GIVEN RECORDS:
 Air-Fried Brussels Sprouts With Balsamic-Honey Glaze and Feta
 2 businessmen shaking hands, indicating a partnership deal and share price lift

--

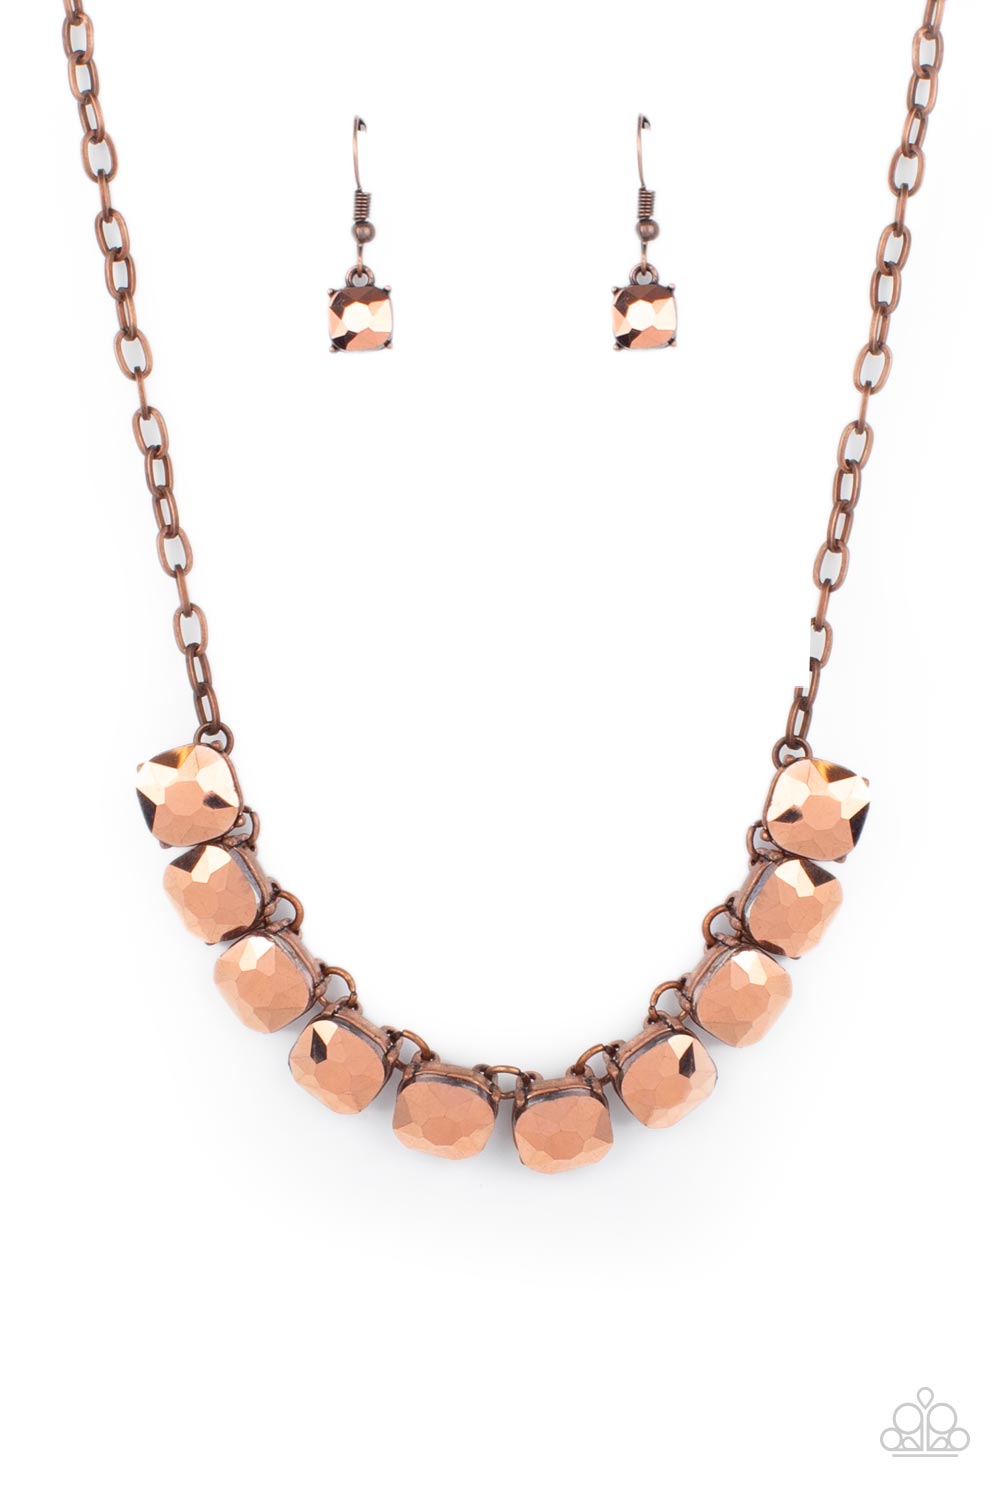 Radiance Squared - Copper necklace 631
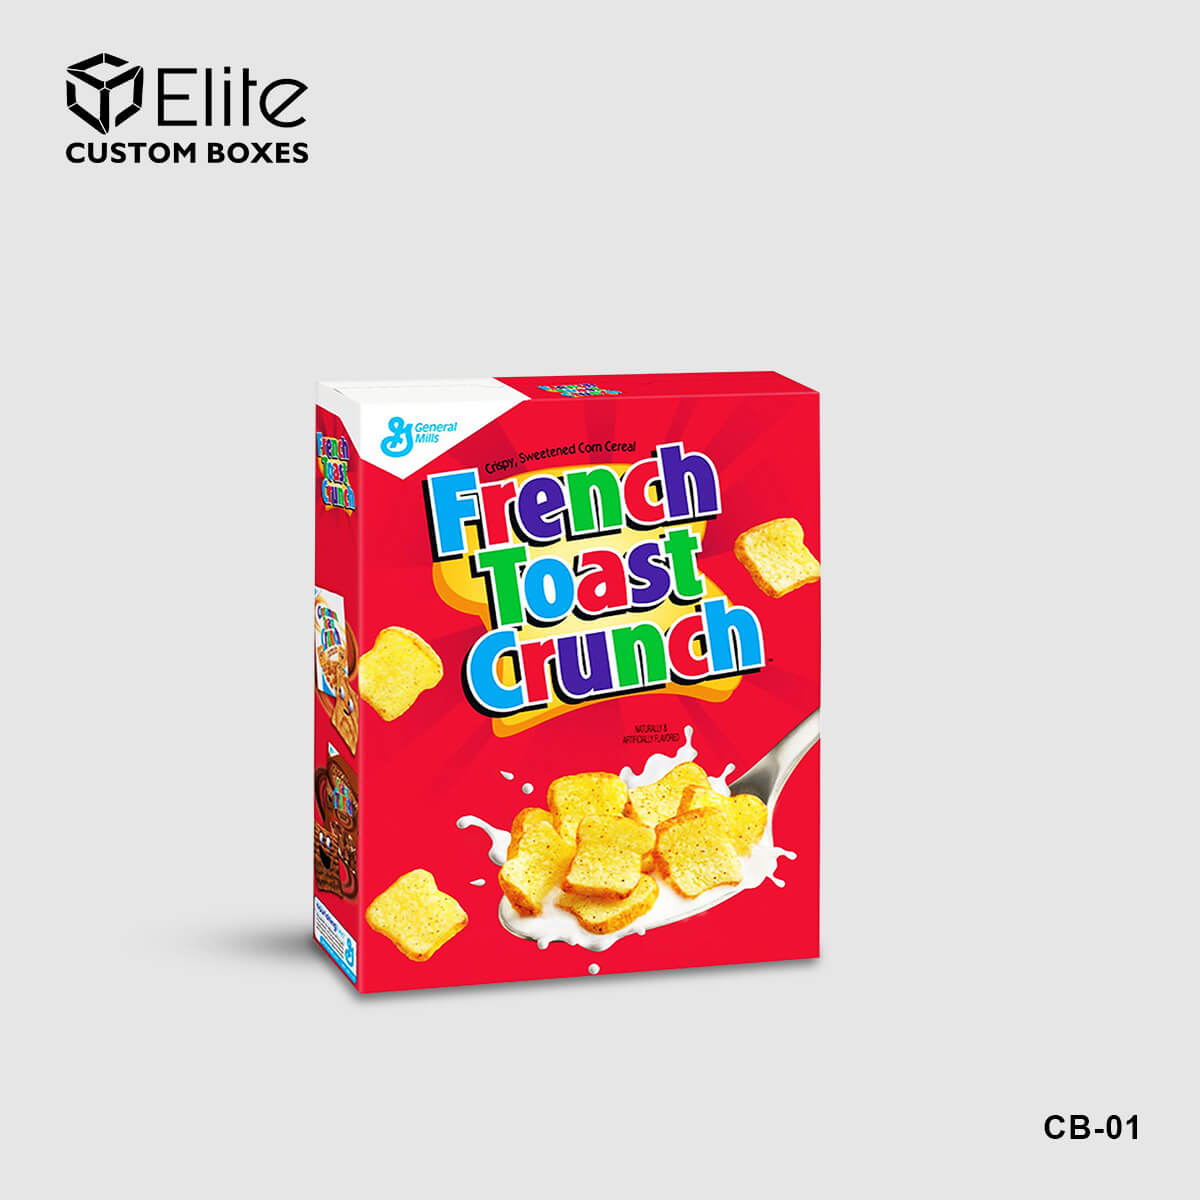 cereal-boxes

EXERCISE OBJECTIVE: Look above for the line holding "Air-Fried Brussels Sprouts" and the line holding "2 businessmen shaking". Retype both, and every line between them, word for word and nothing else.

RESPONSE AREA:
 Air-Fried Brussels Sprouts With Balsamic-Honey Glaze and Feta
 2 businessmen shaking hands, indicating a partnership deal and share price lift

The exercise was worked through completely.